Israeli and American Orthodox opponents of the Gaza disengagement plan are stepping up efforts to sink the initiative.
New York State Assemblyman Dov Hikind, an outspoken Orthodox lawmaker who represents the ultra-Orthodox sections of Brooklyn, is leading a mission next week to Gaza in support of Jewish settlers there. Hikind told the Forward that the 43-person mission, which will include several New York Supreme Court judges and government employees, represents the beginning of a major mobilization effort by Orthodox Jews in America who oppose the disengagement plan of Israeli Prime Minister Sharon.
“I believe it’s going to be the start of a massive move to get thousands of people to go to [Gaza] to show solidarity,” Hikind said, adding that he expected 1,000 rabbis to go on a solidarity mission to Gaza in late April, after Passover.
Next week’s three-day trip to Gush Katif, the Jewish settlement block in Gaza, begins Monday with a ride to the disputed region in a bulletproof van.
The mission comes as two former Israeli chief rabbis, Avraham Shapira and Mordechai Eliyahu, have declared March 17 a religious fast day to protest Sharon’s plan to evacuate, in July, 8,000 Jewish settlers from 21 Jewish settlements in Gaza and four in the northern West Bank. They announced this week that the fast is being held from sunrise to sundown on the sixth day of the Hebrew Month of Adar II to correspond with the day that Sharon is set to bring his budget to parliament for final approval. If it fails to pass, new elections would have to be called and disengagement would likely be delayed.
“For the first time in the country’s history, great rabbis of religious Zionism have called a day for fast and prayers, by the authority of Jewish law,” West Bank settler leader Emily Amrusy told Reuters, adding that the goal of the fast is to “destroy the expulsion order.”

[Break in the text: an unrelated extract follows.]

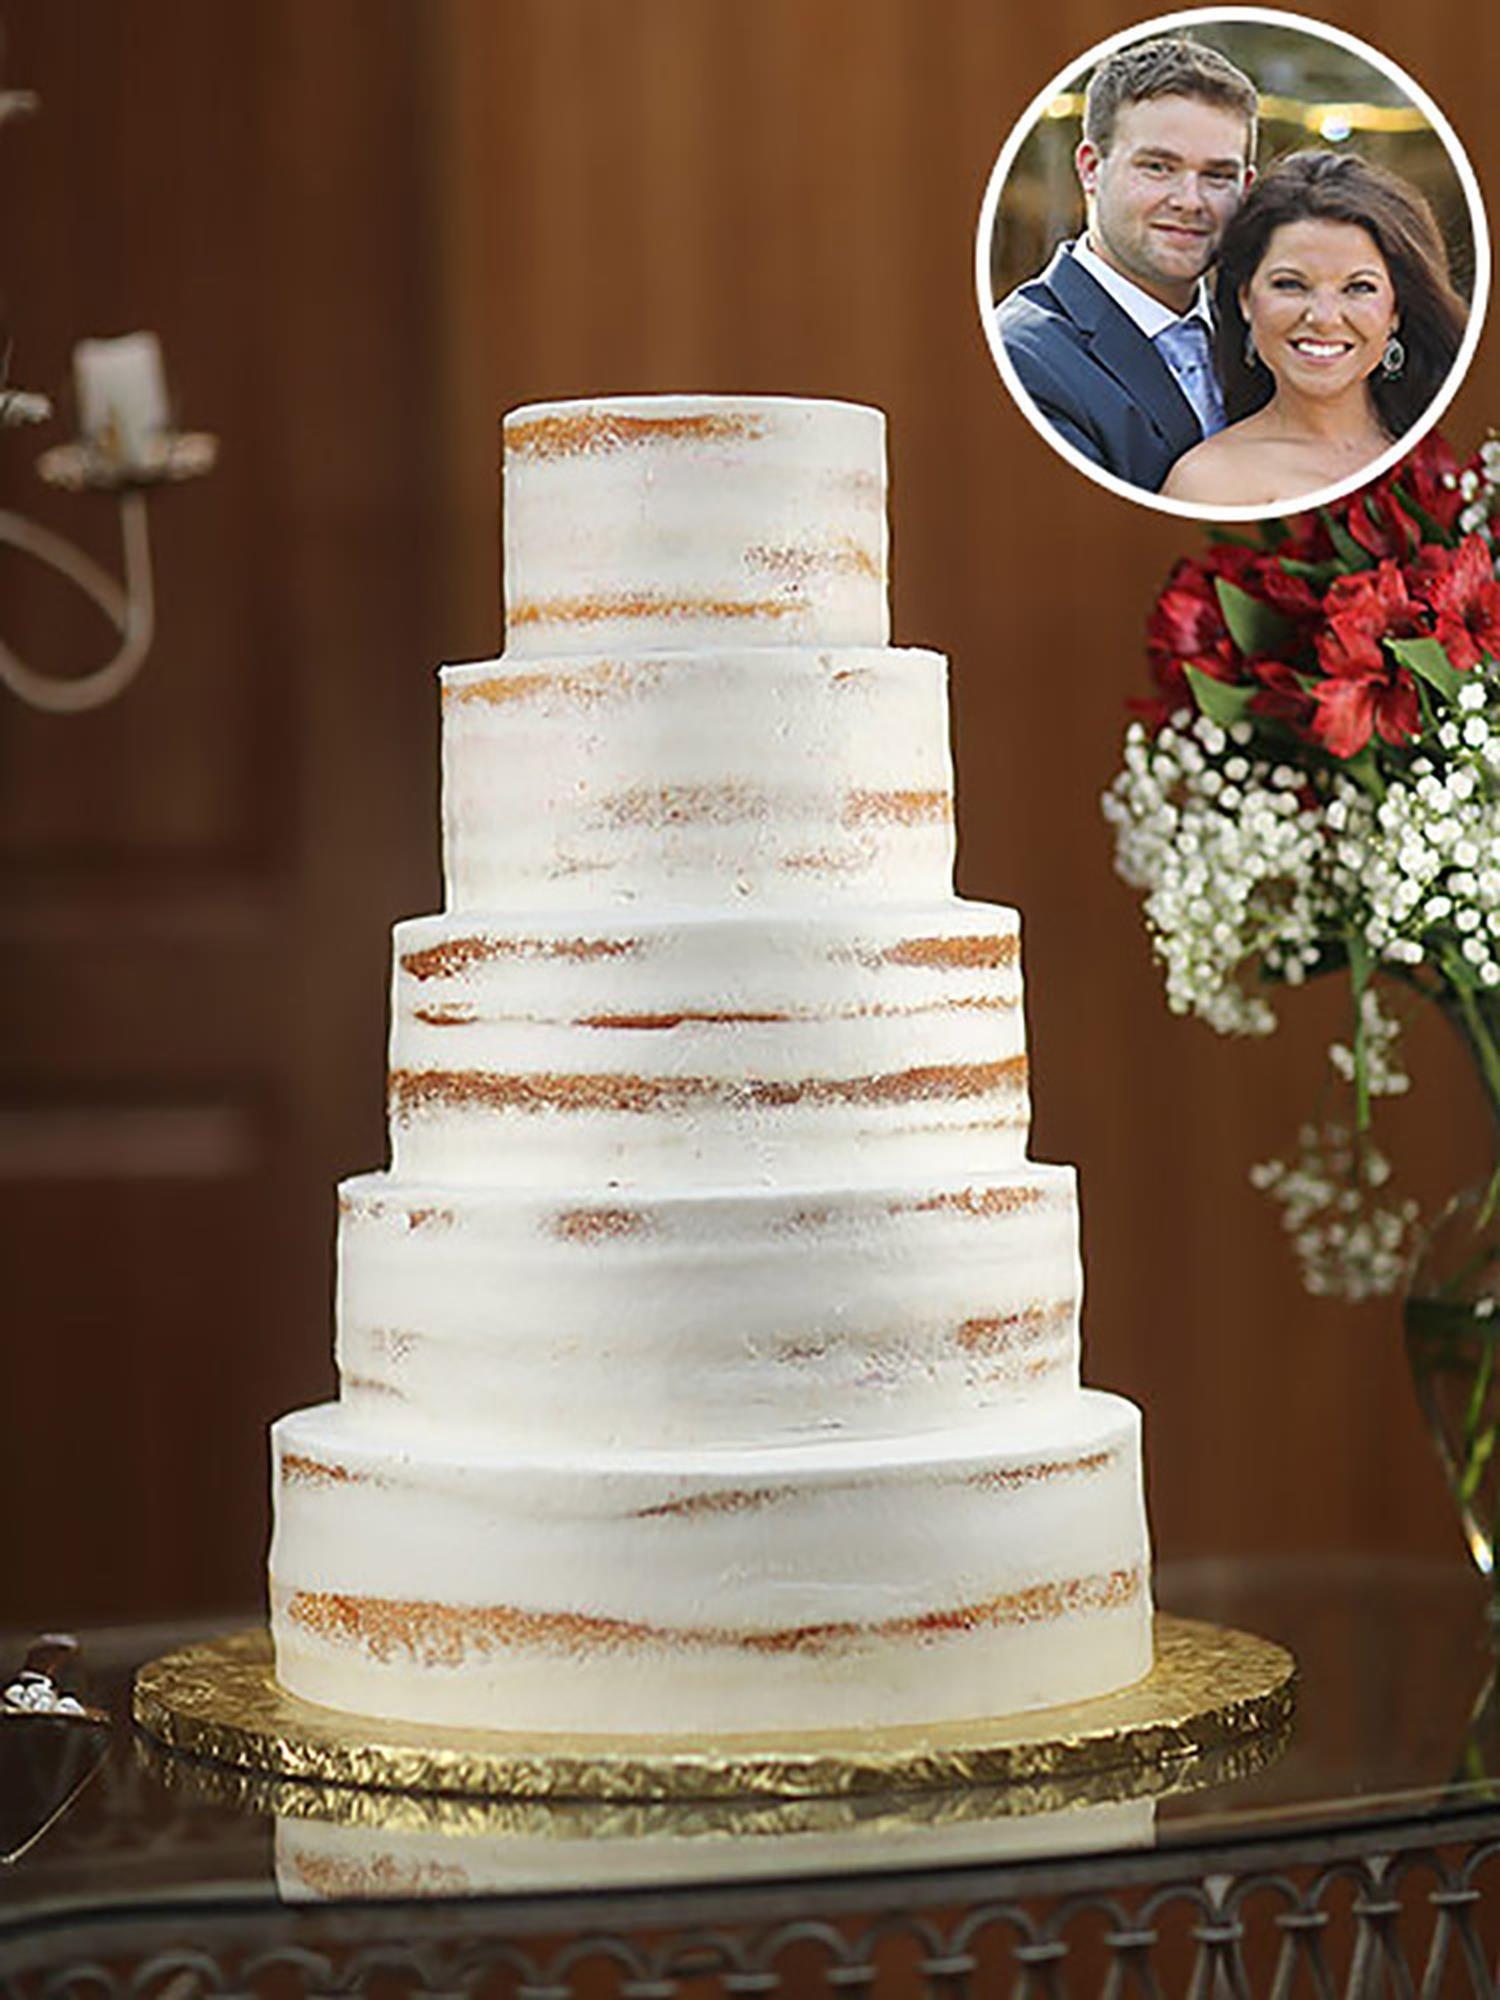 Wedding Cakes Simple Yahoo Image Search Results Wedding Cake Designs Wedding Cakes Wedding Cake Strain

The National Council of Young Israel, a New York-based group representing more than 150 Orthodox congregations in North America and Israel, will encourage members to fast March 17, according to the group’s executive vice president, Rabbi Pesach Lerner.
“I personally will be joining the fast,” Lerner said. “I believe there’s a crisis going on in Israel, and part of our response has to be prayer and fasting.”
Other Modern Orthodox and ultra-Orthodox organizations, including the Orthodox Union, the Rabbinical Council of America and the Agudath Israel of America, have not endorsed the fast.
Orthodox women who support the settlers are calling for Jewish women to recite Psalms during the Fast of Esther, on March 24, the day before the Purim holiday. The goal, according to a statement issued by organizers, is to “cry out together with the women of Gush Katif… and cry out to [God] to reverse the evil decrees against [the Land of Israel].”
Israeli security experts have issued warnings regarding the potential for violent resistance from fundamentalist settlers who oppose any Israeli withdrawal from Gaza or from the West Bank. Several pro-settler rabbis have issued decrees that Sharon’s disengagement plan violates Jewish law.
Hikind insisted that participants on his mission are not “talking about physically confronting authorities, but we have a right to show our support.
“We want to feel [the settlers’] pain. These are fine people, pioneers. They are not wild or crazy. Ariel Sharon wakes up on [the] wrong side of the bed one morning and proposes a unilateral withdrawal, which is not part of the peace process, and not Bush’s idea,” Hikind said. “Can you imagine people living in their homes and not knowing what their future is, not knowing what’s going to be in a couple of months?”